Segment Start: Provided material

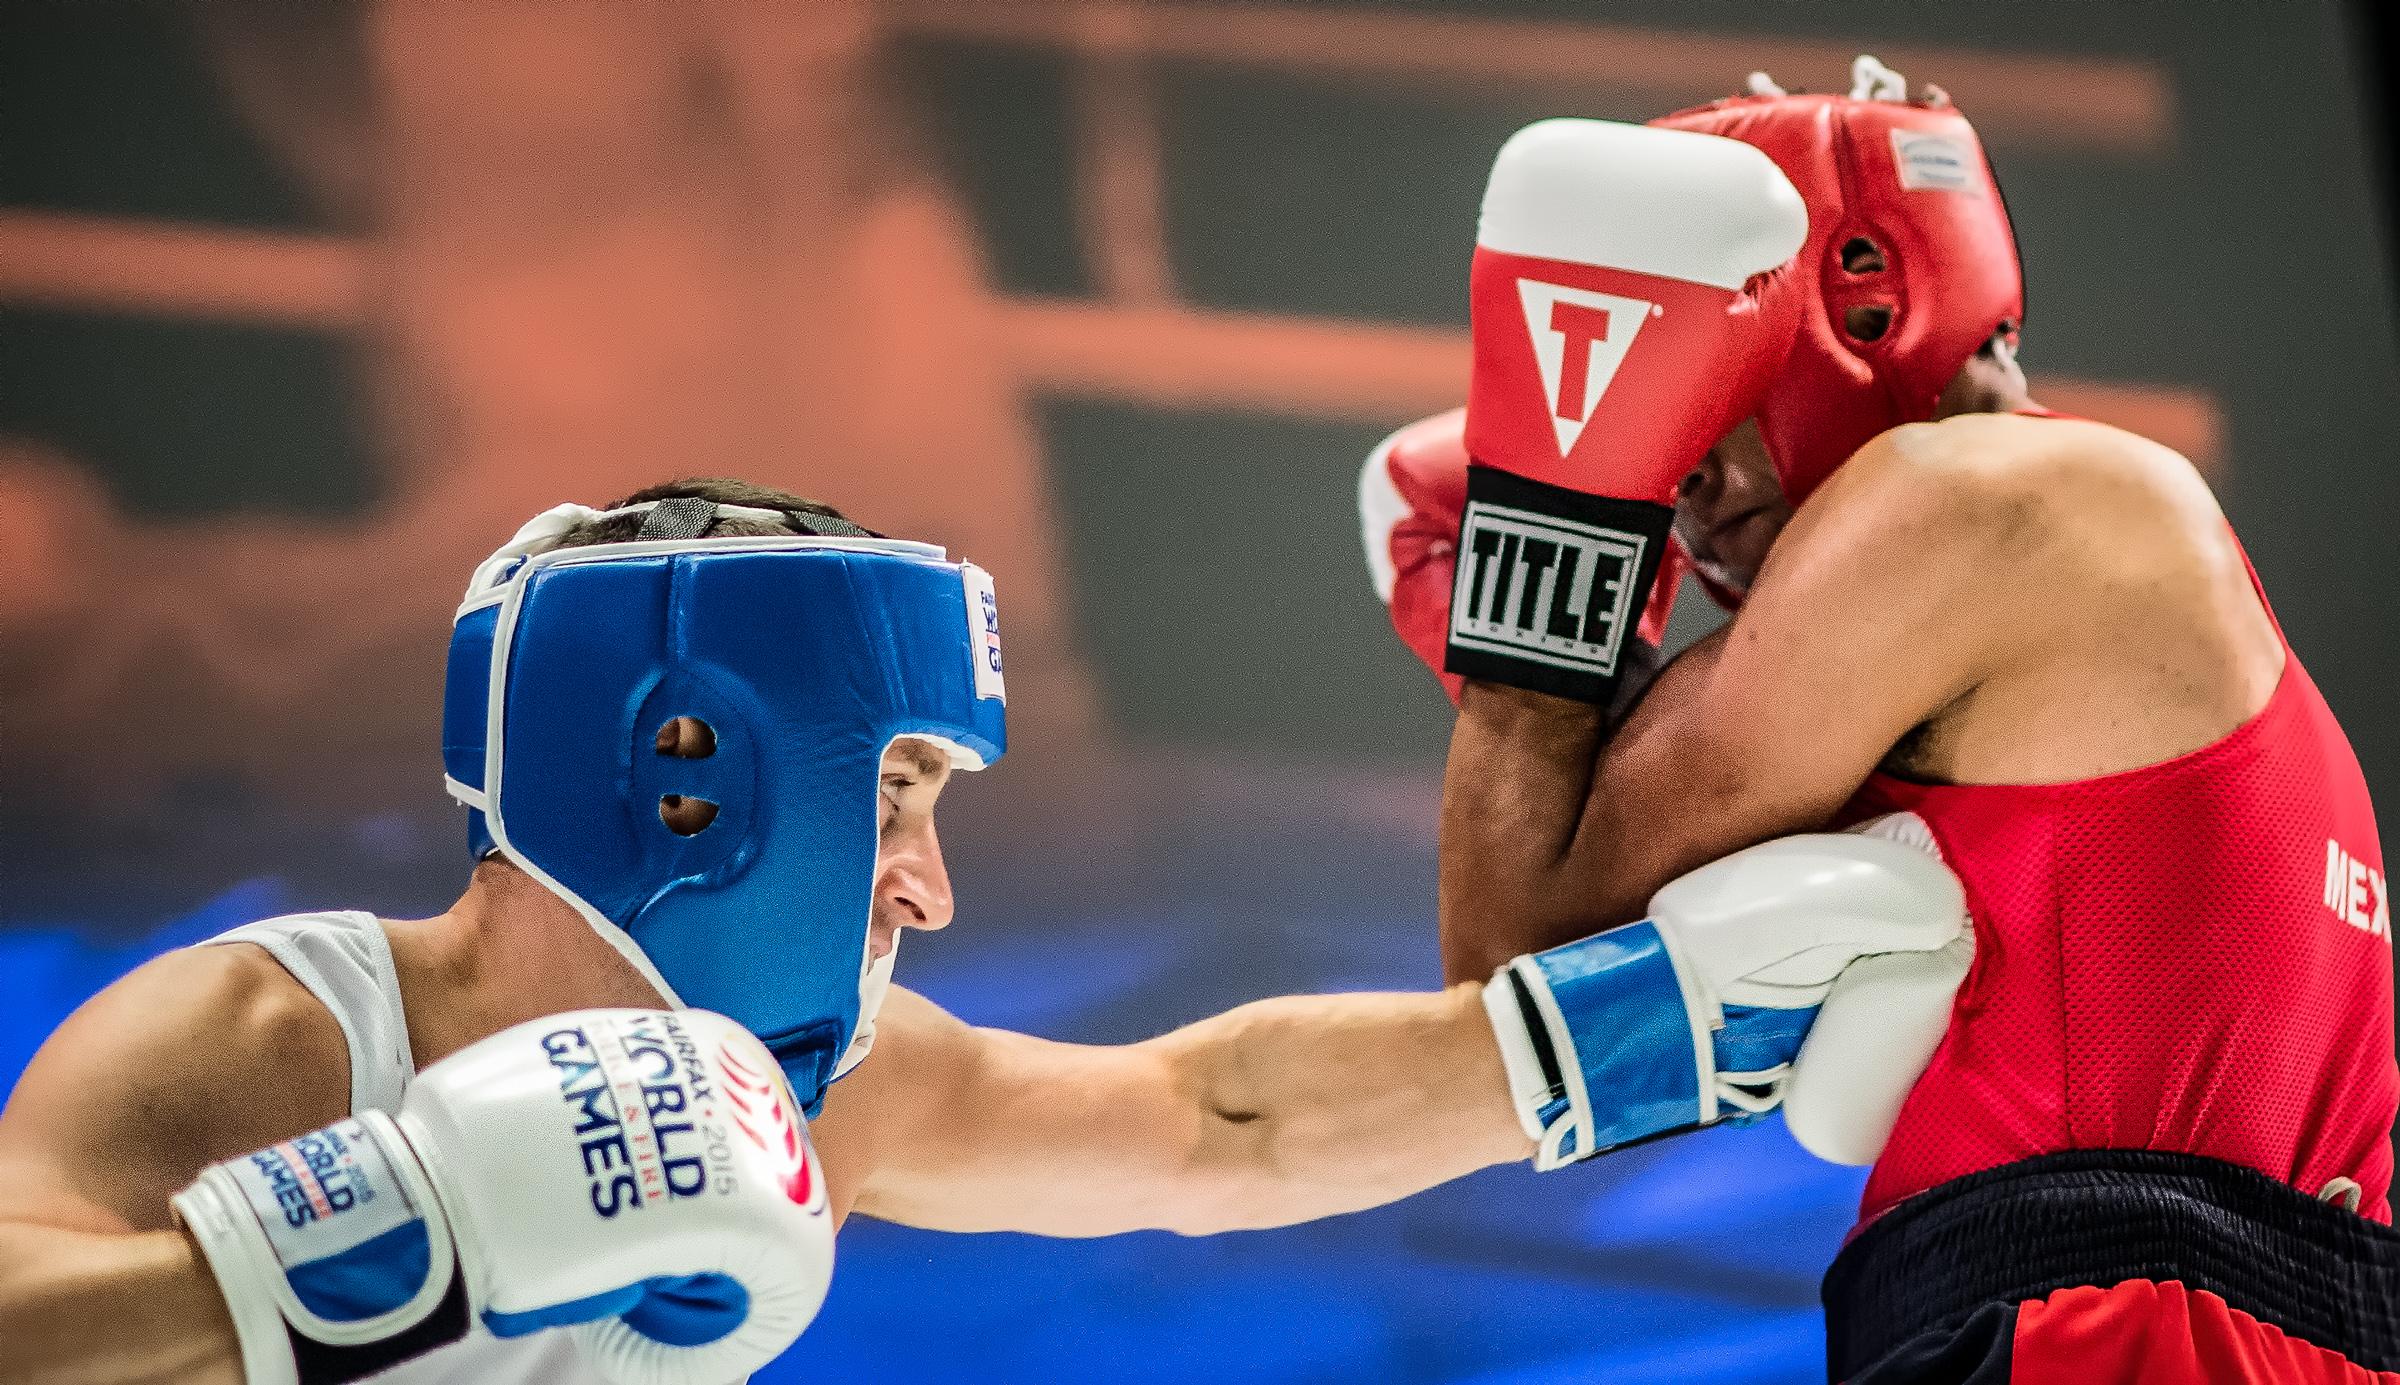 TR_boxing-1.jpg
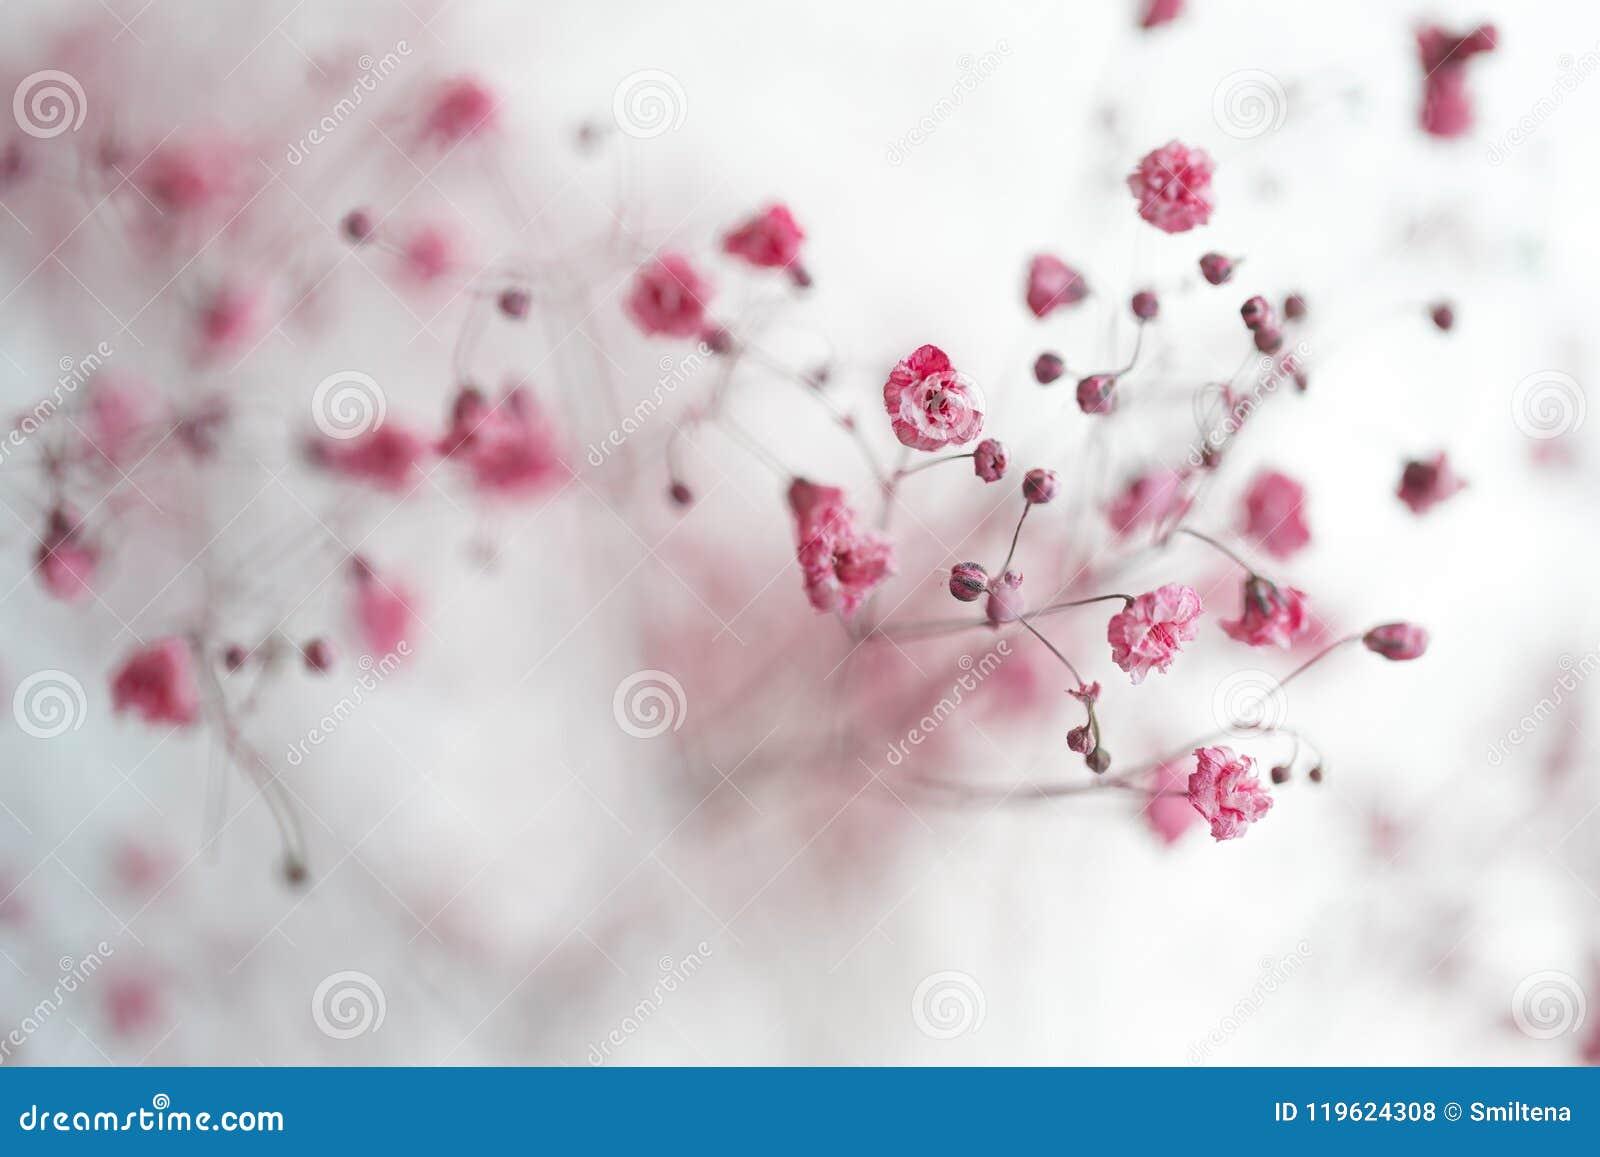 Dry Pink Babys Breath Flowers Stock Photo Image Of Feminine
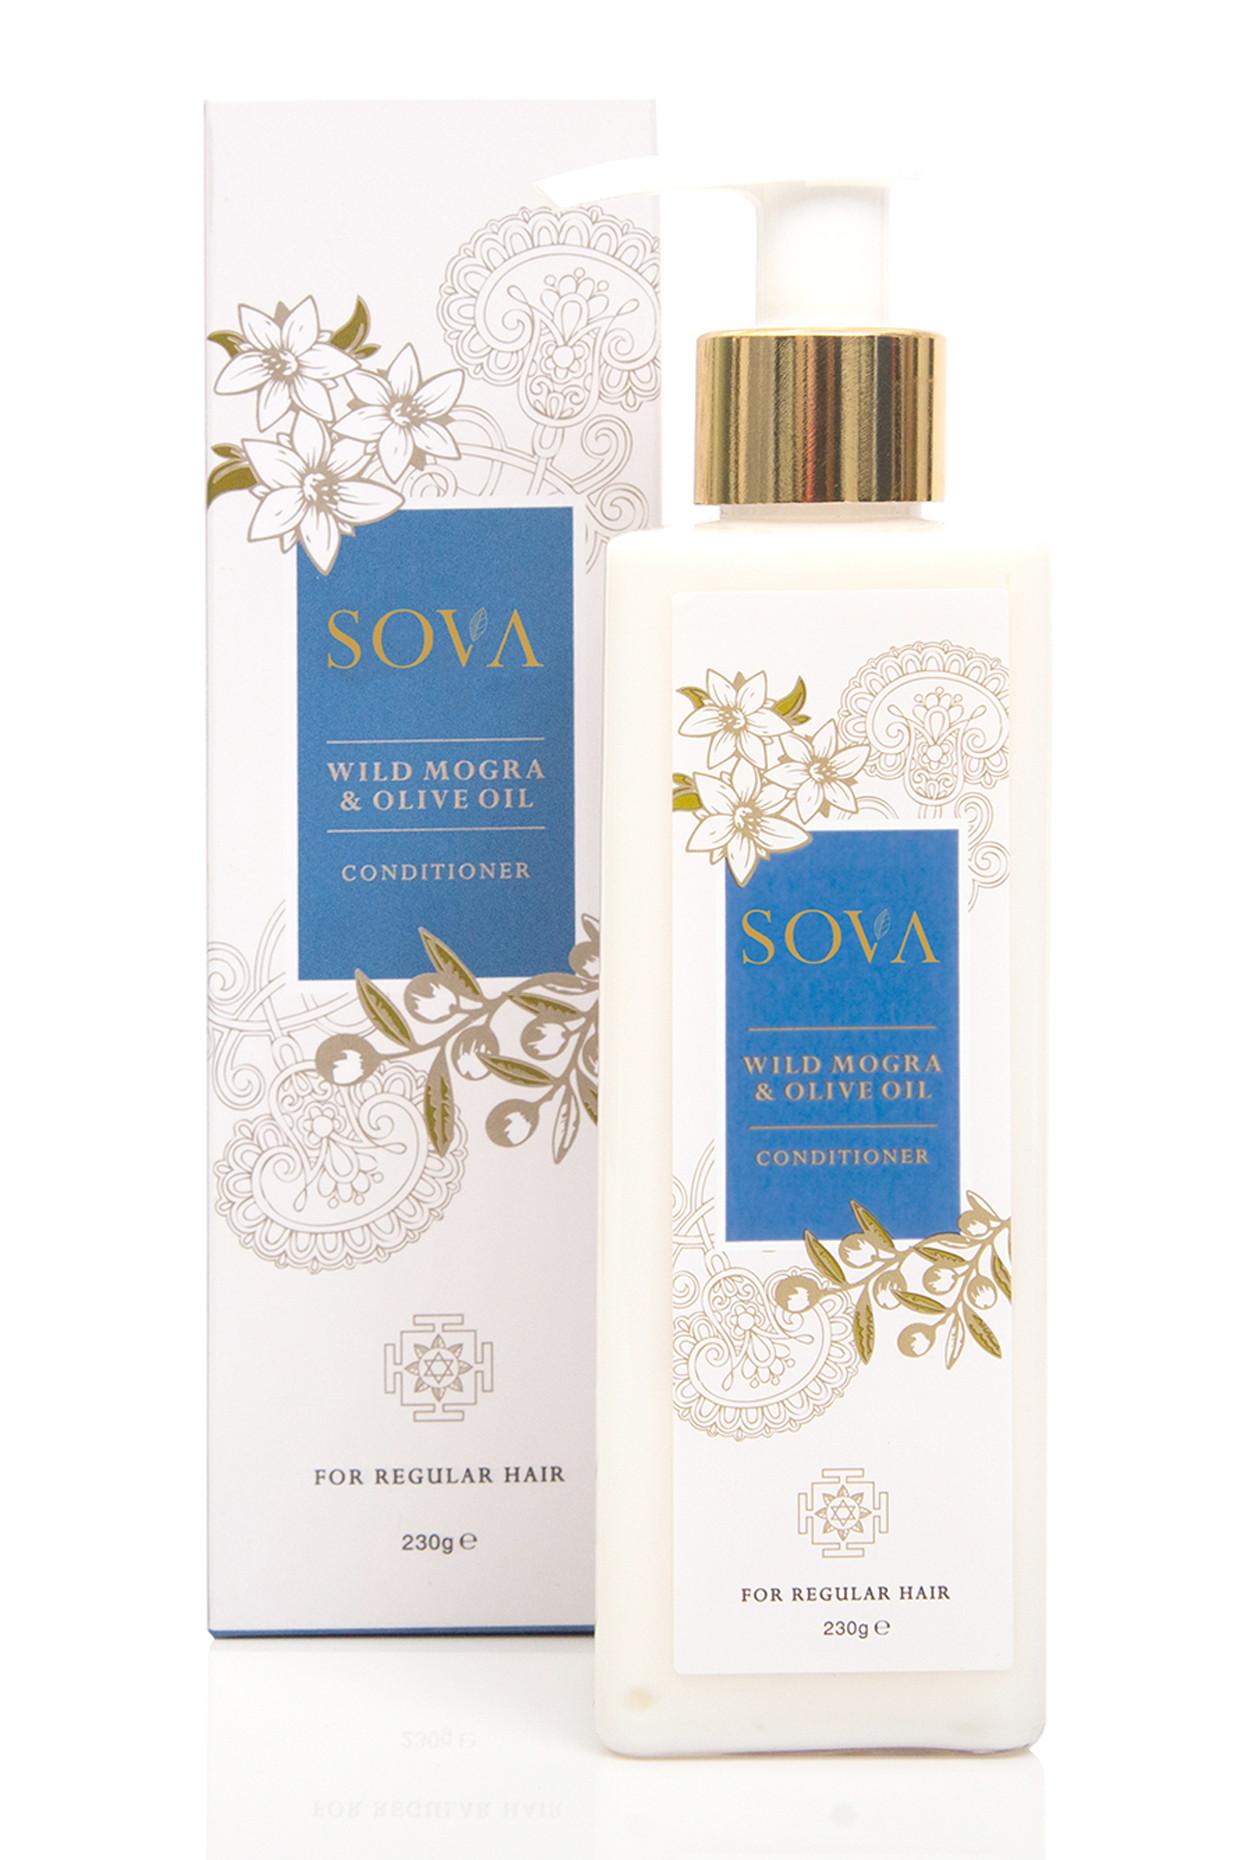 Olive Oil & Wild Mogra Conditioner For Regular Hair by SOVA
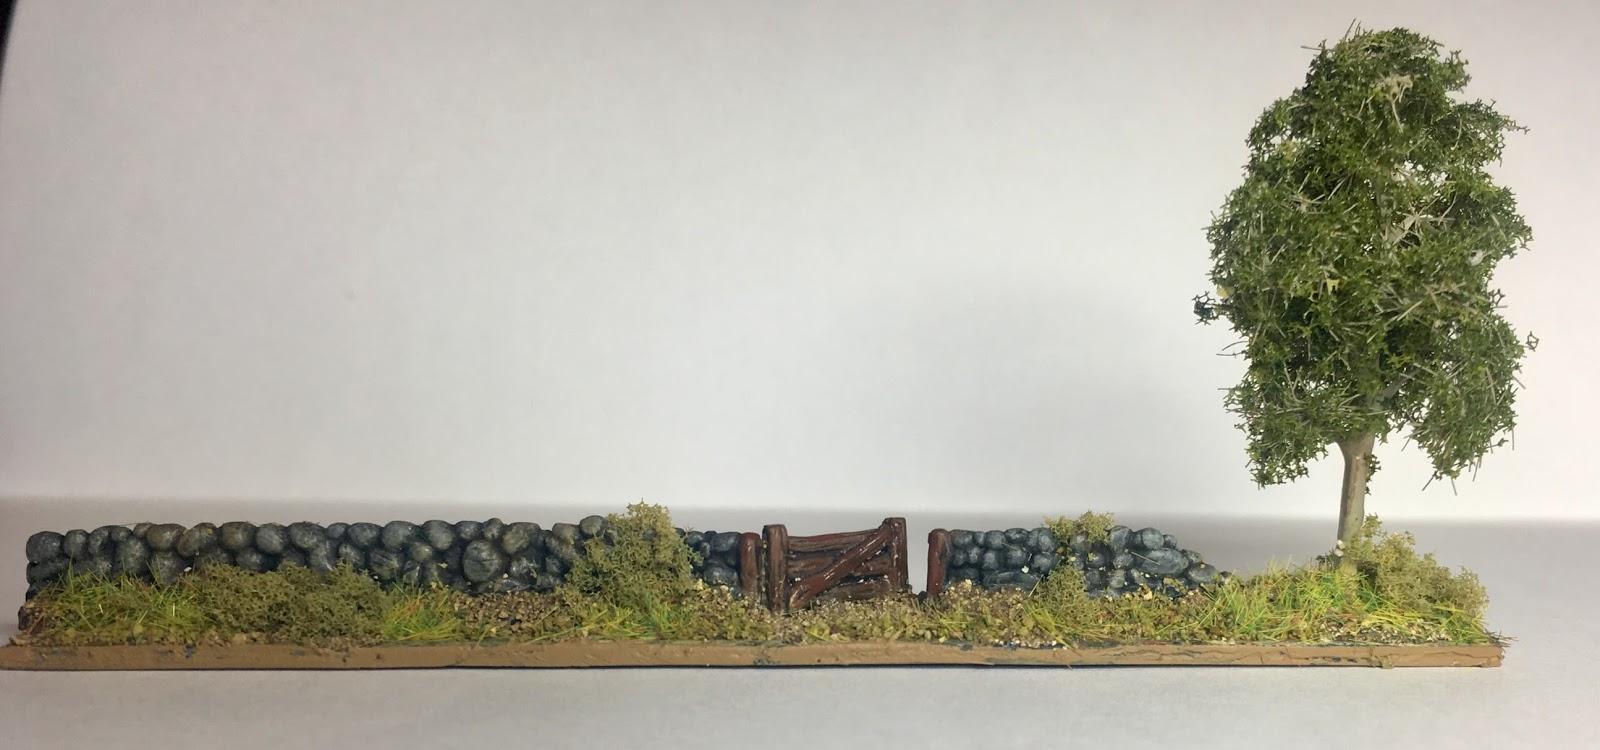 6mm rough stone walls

Segment End: Provided material

# Aim of the exercise
Output the material word for word. Pictures do not go in.

# Written response
 TR_boxing-1.jpg
 Dry Pink Babys Breath Flowers Stock Photo Image Of Feminine
 Olive Oil & Wild Mogra Conditioner For Regular Hair by SOVA
 6mm rough stone walls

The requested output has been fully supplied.